A headline or tagline will provoke interest or at least stick in their head for future use. After 40 years, every time I walk past the frozen pastry aisle in the grocery store my memory banks access an old jingle. “Everyone doesn’t like something but nobody doesn’t like Sarah Lee.” That jingle had me trying to figure out what “nobody doesn’t like” meant for years.
A high-pressure salesperson asks someone to marry them on the first date, whereas it should be a courtship process. The courtship process develops a relationship. Sales say we’re right for each other, let’s do it now. It’s interruption versus permission. Which one do you prefer?
Along with a brilliant tagline or obnoxious jingle, it’s even more important that you believe in your product. When you believe, you’re believable. Personal experience always wins hands down. Testimonies help people identify with an experience and are powerful triggers for attracting.
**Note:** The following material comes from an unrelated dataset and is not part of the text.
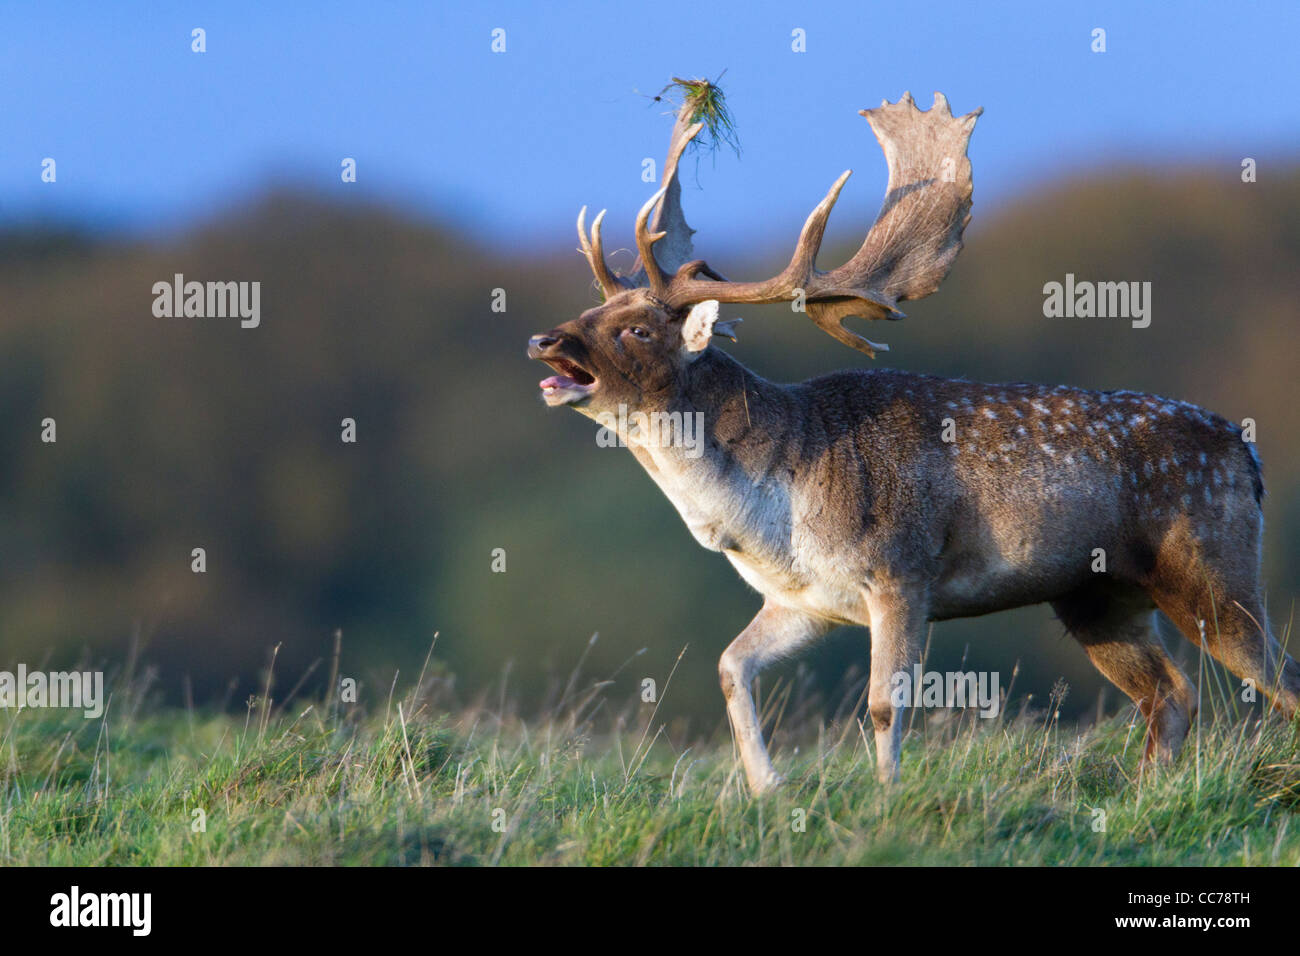 Fallow Deer (Dama dama), Buck Roaring during the Rut, Royal Deer Park, Klampenborg, Copenhagen, Sjaelland, Denmark - Stock Image

Although the Trunk Monkey videos ads attract attention and are a huge viral success, the message is not relevant to the product. Or…can I really purchase a trunk monkey? Getting attention through humor is effective but using humor and relevancy simultaneously is golden.
Geico uses humor with a tag line, “it’s so easy a caveman can do it” and you know, it was easy because I just switched to Geico. After a four-year courtship, it paid off for Geico, I took “fifteen minutes and saved 15% on my insurance. Attract attention and be relevant.